Godden began his career playing for Scunthorpe United, where he signed professional terms in 2009. During his time at Scunthorpe, he was loaned out on eight occasions in order to gain experience playing first-team football. He joined Ebbsfleet United of the Conference Premier, one of the clubs he had spent time on loan at, on a permanent basis in May 2014. Godden spent two seasons at Ebbsfleet, before making a return to the Football League when he signed for Stevenage in June 2016. He spent two years at Stevenage before joining Peterborough United in June 2018. After one season at Peterborough, Godden signed for Coventry City in August 2019, helping the club win promotion to the Championship during the 2019–20 season.

Career

Early career
Godden started his career at Scunthorpe United, making the decision to move from Kent at the age of 15 to take up Scunthorpe's offer of a place on the club's apprenticeship programme. He progressed through the various youth levels at Scunthorpe before signing his first professional contract at the end of the 2008–09 season. Godden's youth career at Scunthorpe was hampered by persistent injuries, and he states that the management and youth-team managers at Scunthorpe, in particular Tony Daws, showed a lot of faith in him to offer him the professional contract.

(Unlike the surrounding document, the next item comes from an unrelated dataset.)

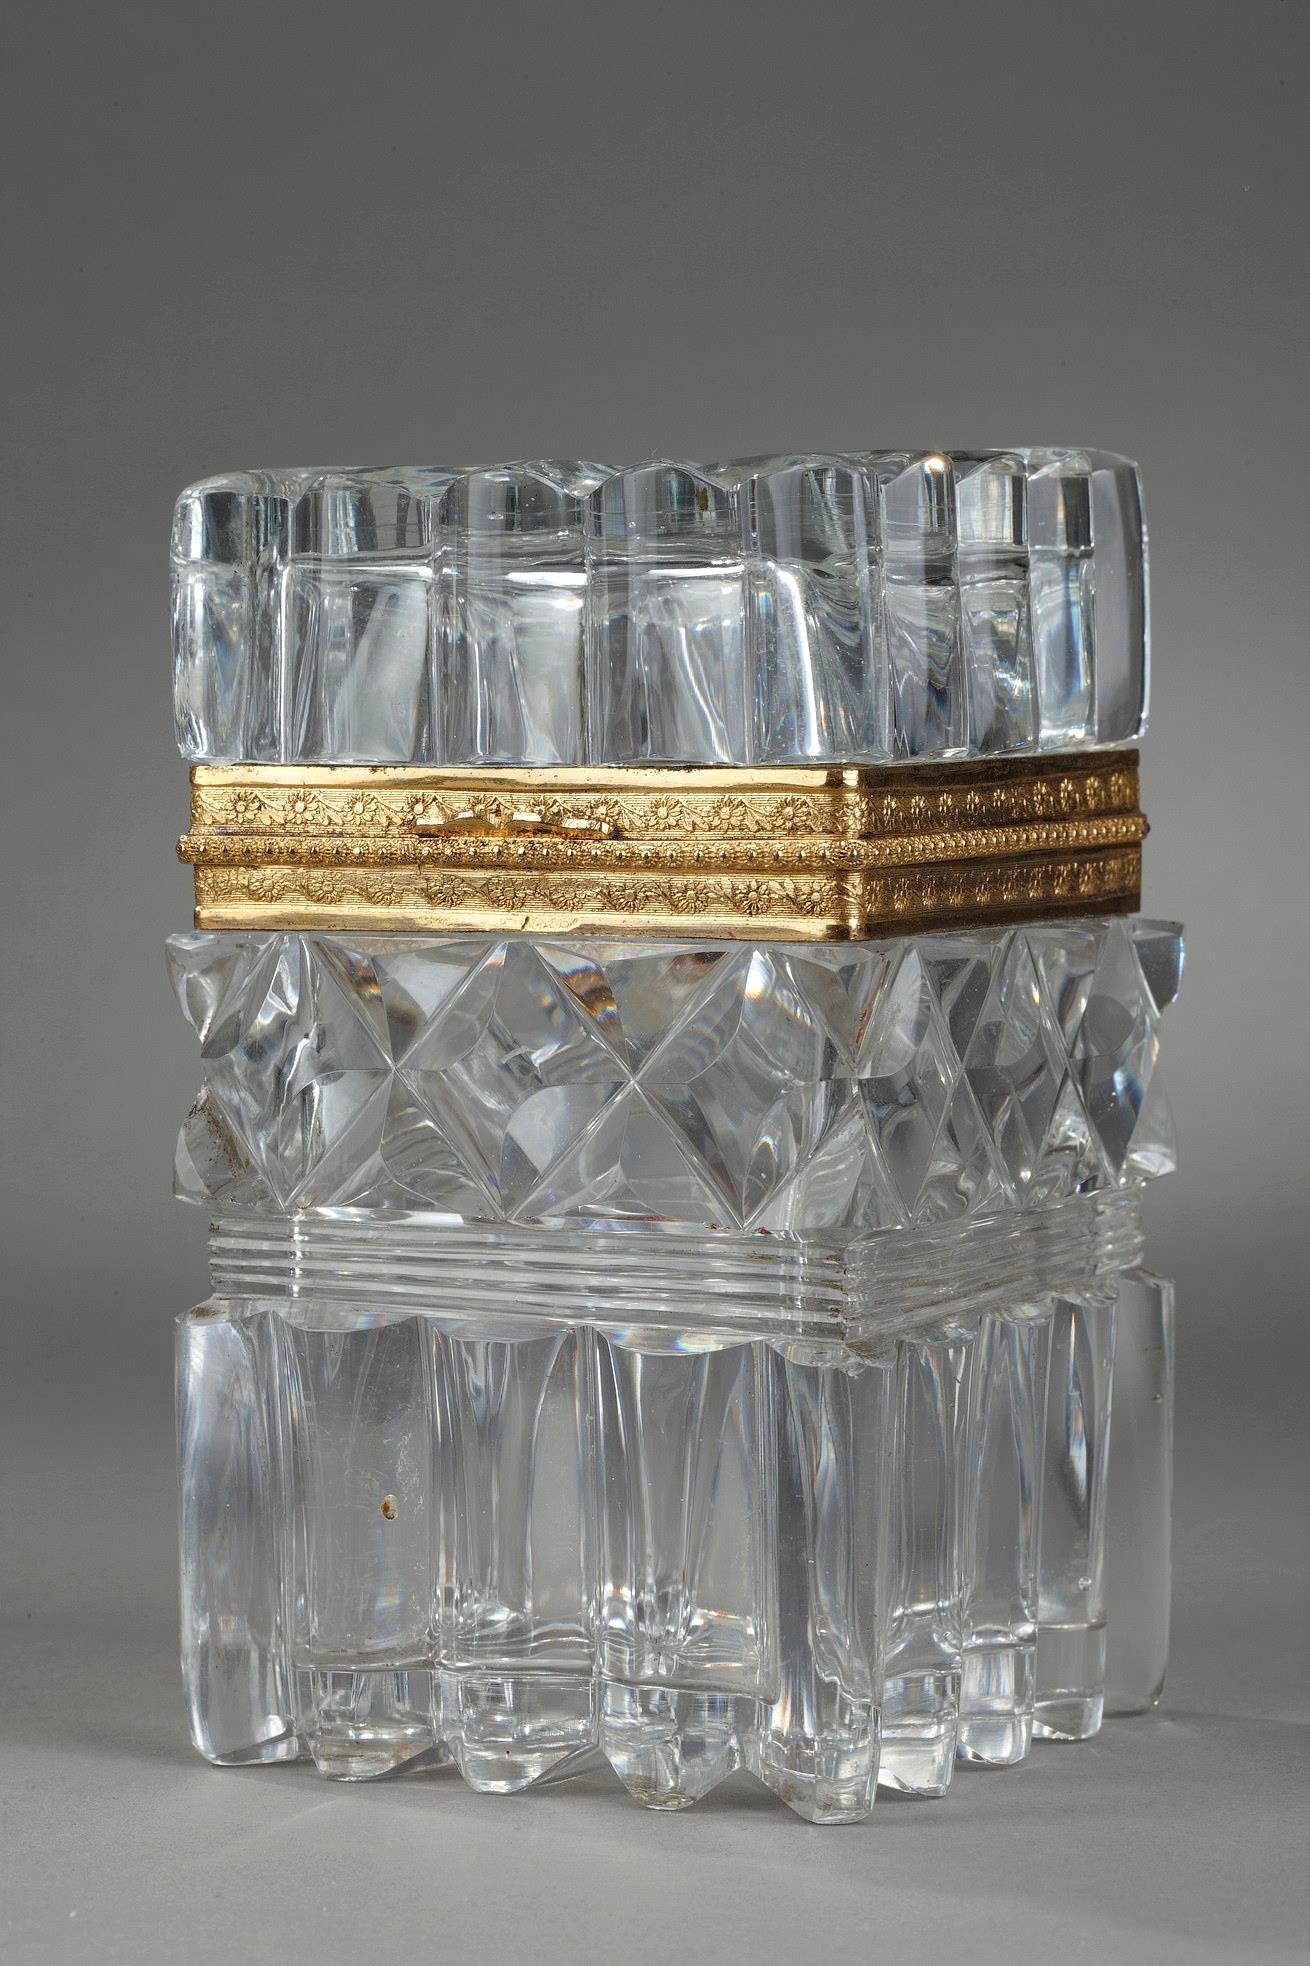 cut-crystal, box, jewellery box, gold, mounted, bronze, gilt, 19th, century, Restauration, Charles X
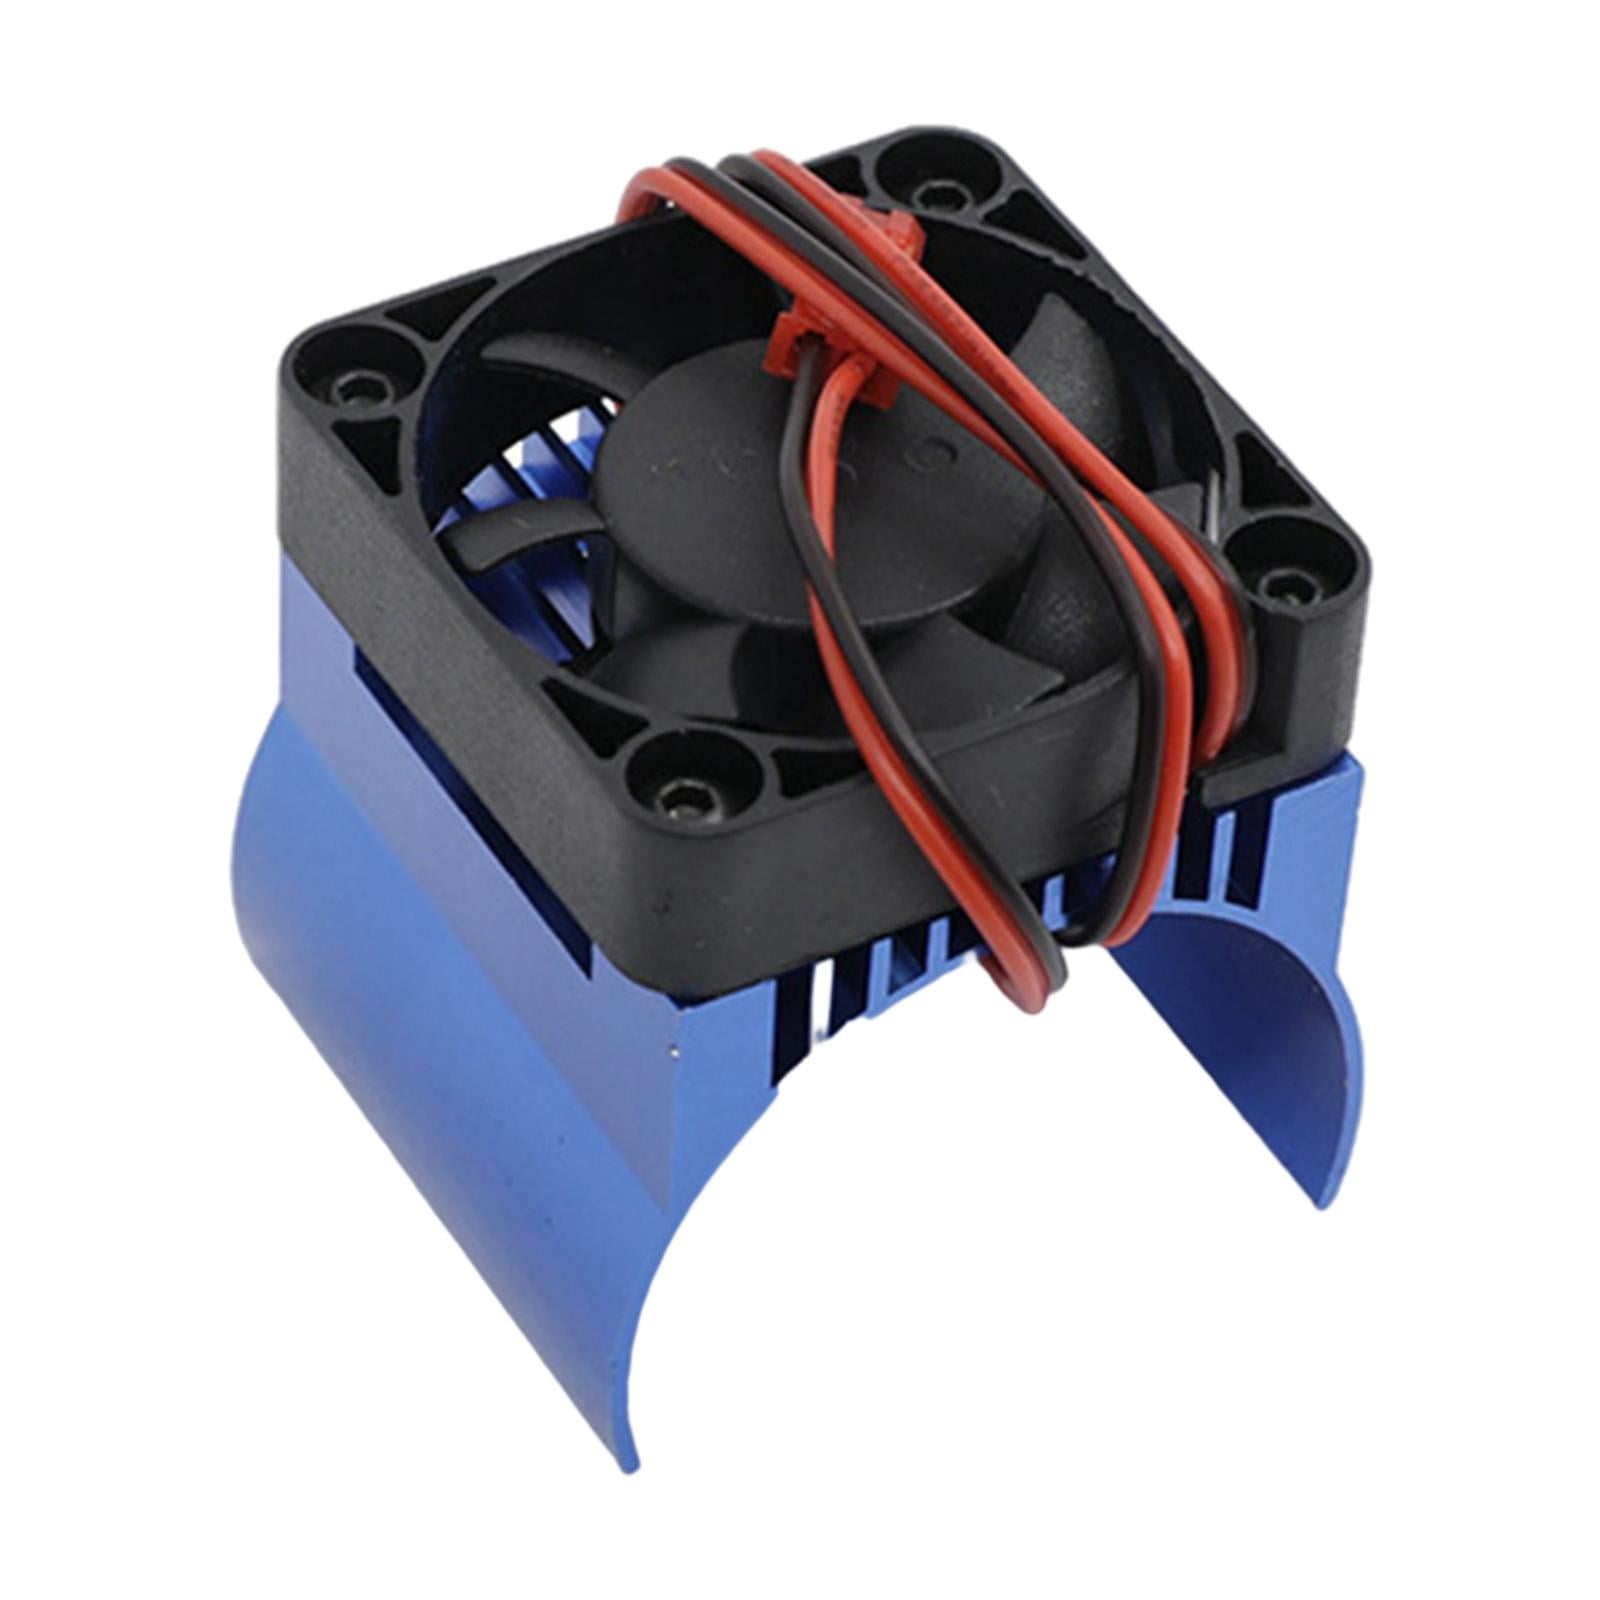 Yiju 42mm Motor Heat Sink 4274 4282 Motor Replace Parts Radiator Cooling Fan for Arrma Talion Typhonrc Model Car Upgrade Parts Black

Still waiting for his first-team Scunthorpe debut, Godden was loaned to Brigg Town of the Northern Premier League Division One South on a three-month deal, for the opening months of the 2009–10 campaign. He scored nine goals in 20 games during the loan spell, noting how important gaining experience regarding "the more physical side of football" was in terms of his development. He briefly returned to his parent club before being loaned out once again, this time joining Conference North club Ilkeston Town towards the end of 2009. Godden made five appearances during the loan spell, scoring once, the goal coming courtesy of him capitalising on a quickly taken free-kick to score the opening goal in an eventual 4–2 away defeat to Vauxhall Motors on 9 February 2010. He saw out the remainder of the 2009–10 season playing regularly for Scunthorpe's reserve team, scoring ten goals for them in the latter months of the season. Godden signed a one-year contract extension to remain at Scunthorpe on 7 June 2010.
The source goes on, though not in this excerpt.